This plea in favor of more support for Mexican cinema was seconded by actress Diana Bracho, who won the Ariel de Oro for more than 50 years of experience. The multi-award winning actress was blunt: “The lack of resources hurts. Without culture there is no country. Daughter of the producer and actor Julio Bracho, Diana Bracho, shared with the audience her origins in front of the camera until the present moment of her career: “It is proven that the cinema continues more alive, than ever”, settled the 77-year-old actress. The second Ariel de Oro went to sound engineer David Baksht.

To the rhythm of guitars and violins that played A weird world, performed by the singer Raul Sandoval, remembered the producers, directors and actors and actresses who died in the last year.
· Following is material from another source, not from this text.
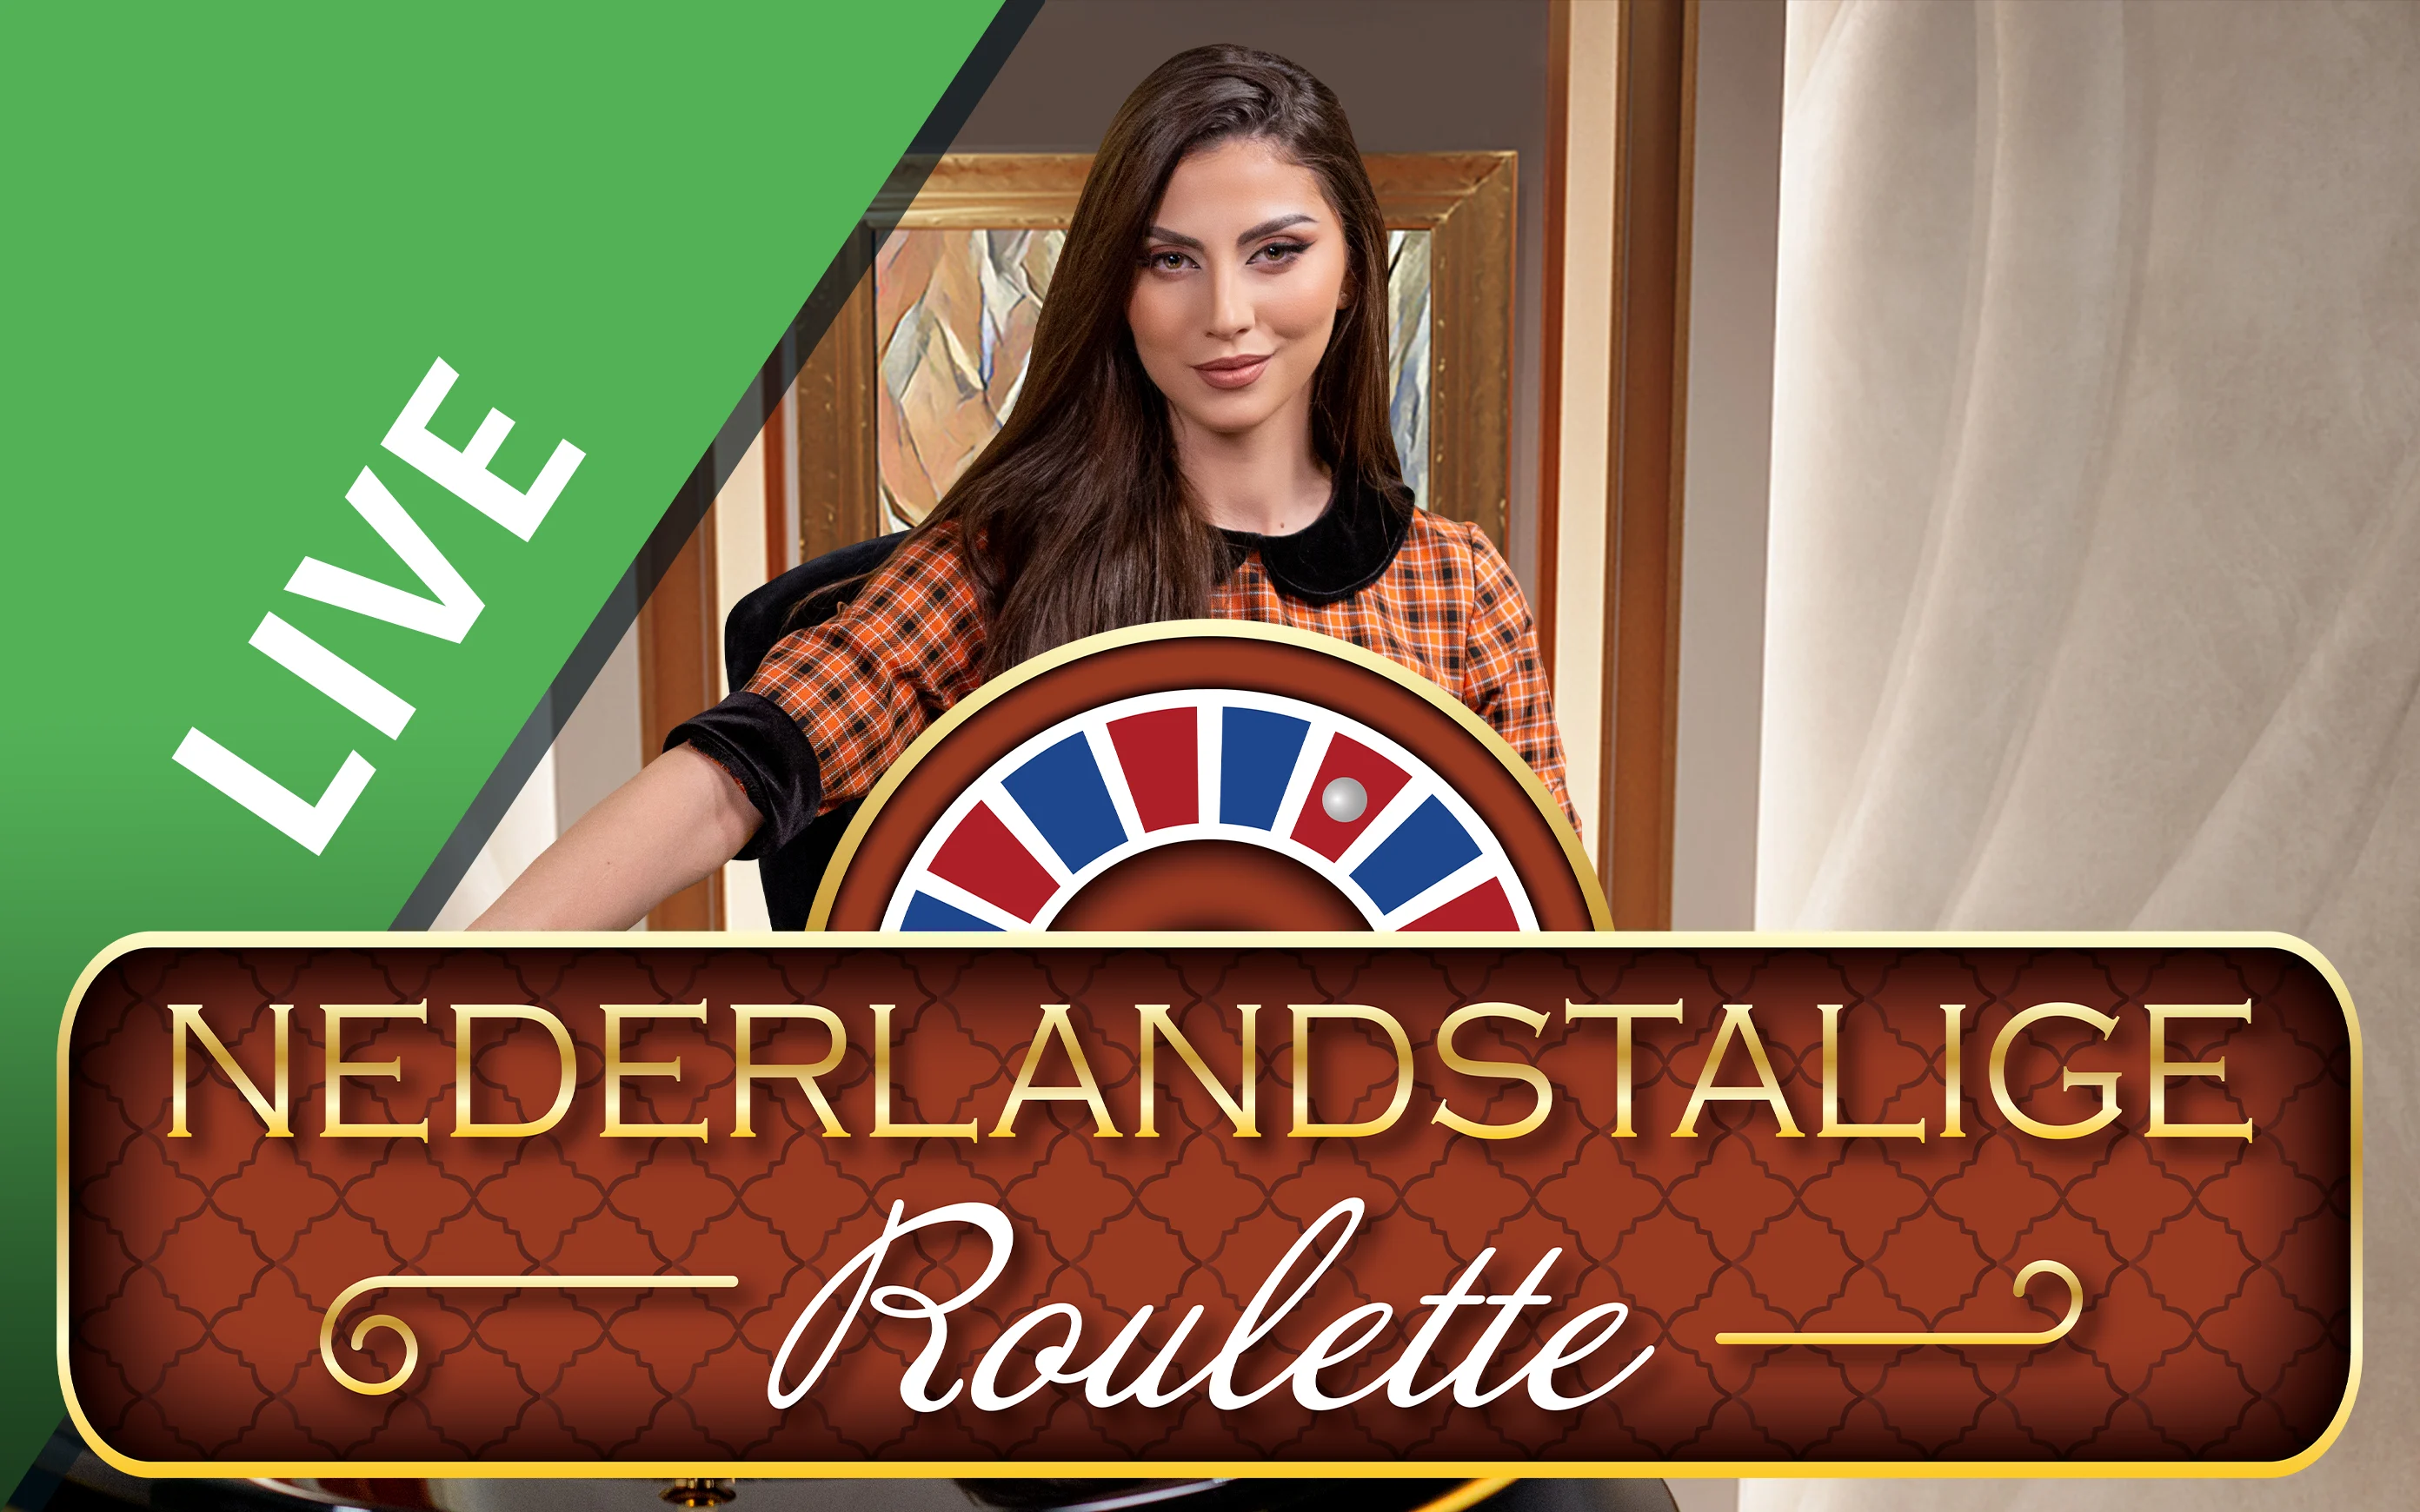 Грайте у Nederlandstalige Roulette в онлайн-казино Starcasino.be

One by one, images of film and television figures such as Anabel Gutierrez, Rosita Arenas, Meche Carreno, Vicente Fernandez, Raquel Pankowsky, Manuel Ojeda, Cristobal Jodorowsky, Susana Dosamantes, Octavio Ocana, among others, appeared on the screens. However, one of the biggest ovations went to Mexican director Jorge Fons, who died on September 22.

The vindication of the female gaze in the cinema and greater spaces for the dissemination of new stories were two of the pillars that marked the gala of the so-called Mexican Oscars.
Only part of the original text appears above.